Coverage routinely defers to the language of official spokespeople and to wire-grade seismological data — in this case, the U.S. Geological Survey, which is the global gold standard for earthquake magnitude. That deference is fine. Where it becomes a problem is when the same deference skips over the governance and infrastructure context that determines whether a 7.5 quake becomes a five-hundred-casualty event or a five-thousand-casualty event. The wire sources we read carry the magnitudes but not the construction-quality context, the hospital-status context, or the aid-access context. Readers are left with a disaster headline and a vague sense that the country is "in trouble," without the scaffolding needed to interpret what the casualty figures, when they arrive, will actually mean.

What is missing from the coverage

Three things are notably absent from the immediate wire coverage. First, the state of Venezuelan civil defence and search-and-rescue capacity, which has been hollowed by years of economic stress and political isolation. Second, the condition of the building stock in the affected municipalities — Caracas and the coastal Carabobo / Morón corridor — much of which predates modern seismic codes and has been poorly maintained. Third, the operational question of how international aid will move if Caracas requests it, given that Venezuela remains under a layered sanctions regime that affects financial transactions, fuel shipments and insurance.
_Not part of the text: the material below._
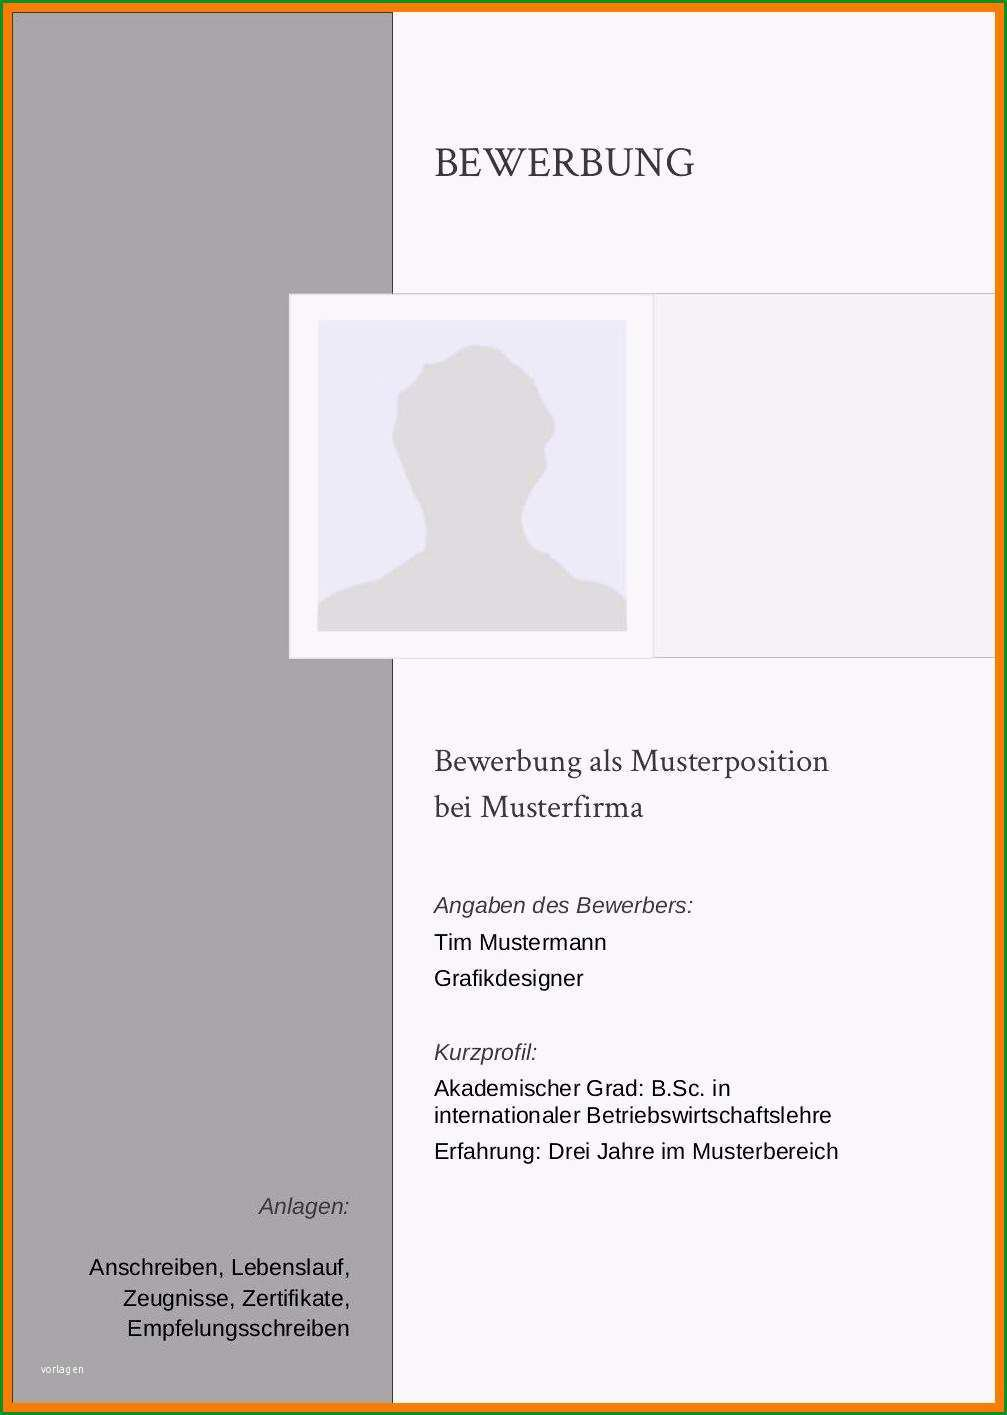 13 bewerbung deckblatt vorlage pdf

It is not journalistic malpractice to omit these factors in the first news cycle — they take time to report. It is malpractice, however, to leave them out of the second and third cycles, when the casualty totals and the relief picture start to firm up. The Monexus desk will be watching for whether the wires add that context or whether the disaster is allowed to stand as pure spectacle.

The stakes

The human stakes are direct. A 7.5-magnitude event at 10 kilometres depth is severe by any standard; aftershock sequences of comparable quakes in Latin America have historically produced high casualty counts even where building stock is good. In a country with Caracas's infrastructure record, the ceiling on casualties is higher than the floor, and the floor is already being described as "high." Beyond the immediate toll, the political stakes are also legible: disasters of this scale tend to either open up temporary humanitarian carve-outs in sanctions regimes or harden them, depending on how quickly the relief request lands and how willing external governments are to facilitate aid. Colombia's status as a first-responder neighbour — tremors were felt there — gives Bogotá an early role in cross-border coordination.

What remains genuinely uncertain is the casualty trajectory. The sources do not specify confirmed deaths, injuries or displacement. They also do not yet describe which municipalities bore the brunt of the second, larger event relative to the first. Until civil defence and Caracas provide firmer numbers, the early framing of "high casualties" is a directional warning, not a count.

Desk note: Monexus will update this story as USGS aftershock data, Caracas civil defence briefings and Colombian seismic reporting firm up. Where wire coverage substitutes political shorthand for structural context, this desk will flag the gap rather than pass it through.